How do predators hunt together without coordinating their moves? Pawel Romanczuk & Jens Krause revealed a novel form of group hunting in sailfish (Istiophorus platypterus) preying on schooling sardines (Sardinella aurita). Individual sailfish take turns attacking, each strike injuring multiple prey even when few are captured. As the number of injured fish grows, so does the success rate of the hunters - showing that each attack benefits the group as a whole. By combining field observations with a mathematical model of hunting dynamics, they show that these alternating attacks yield major efficiency gains for groups of up to 70 individuals. Their model also uncovers when “free riders” - individuals that wait to attack until prey are weakened - can benefit, depending on the costs of striking. These findings provide rare evidence for cooperative benefits without coordination, a kind of “proto-cooperation” that may represent an evolutionary step toward more complex collective hunting strategies.

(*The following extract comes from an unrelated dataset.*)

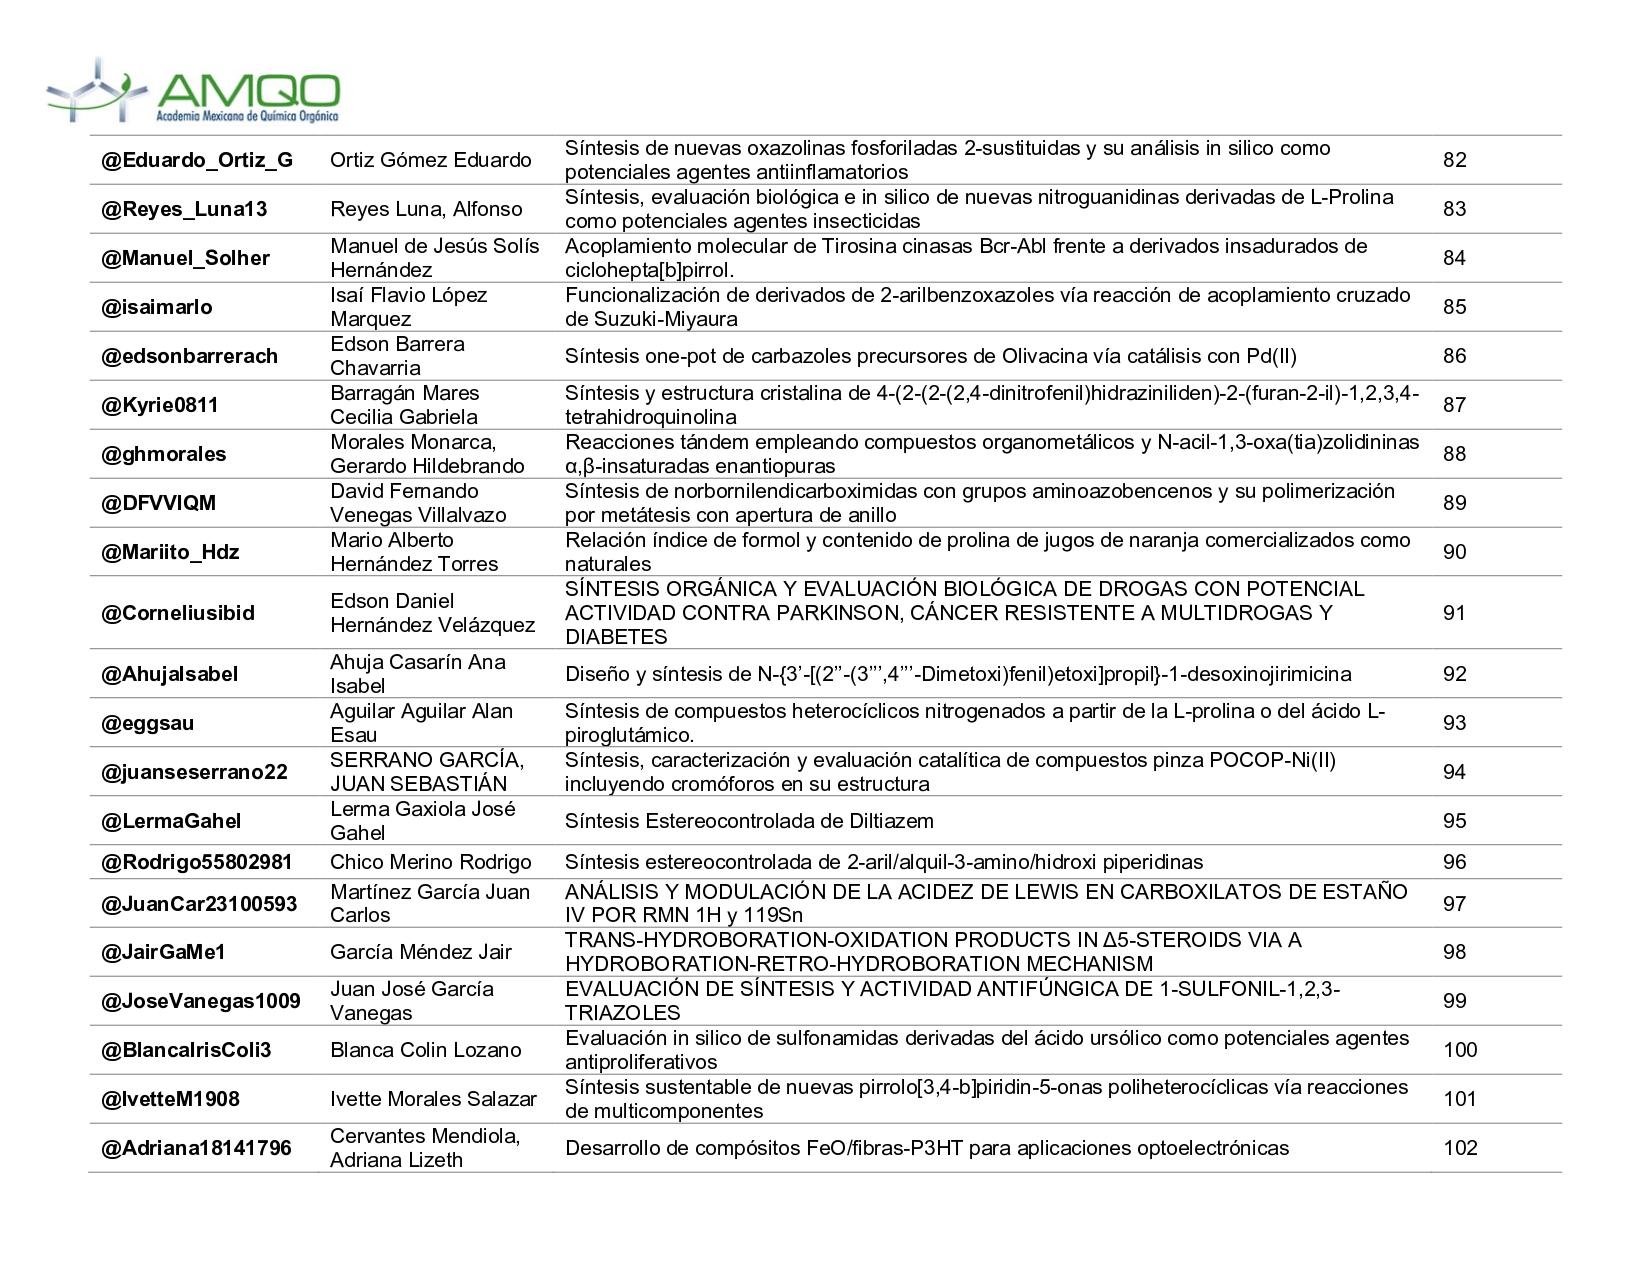 Lista de carteles XVI AMQO_pages-to-jpg-0005

Psychology & Horticultural and Agricultural Sciences

Only reappraisers profit from reappraisal instructions: Effects of instructed and habitual reappraisal on stress responses during interpersonal conflicts

Conflicts are stressful - but can changing how we think about them make them easier to handle? Ursula Hess & Grudrun Brockmann tested whether people could buffer stress during an interpersonal conflict by using emotion regulation strategies like reappraisal (seeing the situation in a new light) or suppression (hiding emotional reactions). While participants fought their way through a standardized lab argument, researchers tracked stress responses through heart rate, cortisol levels, and even snack-eating behavior. The results revealed that reappraisal helped only those who already tended to use it in daily life: habitual reappraisers stayed calmer, had lower physiological stress, and snacked less. For those who rarely reappraise, the same instruction actually increased stress. The takeaway? The right emotion strategy depends on the person - what soothes one individual might stress another.

Biology & Physics

Active Brownian Particles - From Individual to Collective Stochastic Dynamics

How do self-propelled entities - from chemical nano-rods and motile cells to animals in motion - move, interact, and form patterns? In this study, Pawel Romanczuk & Benjamin Lindner dive into the theoretical foundations of active matter, combining nonlinear and stochastic models to understand how simple rules of motion give rise to complex collective dynamics. Using tools from statistical mechanics, they explore how fluctuations, velocity-dependent friction, and different interaction types shape motion - from single active particles to large assemblies. The result is a detailed picture of how individual randomness transforms into organized behavior, revealing the physical principles behind swarming, clustering, and pattern formation across scales.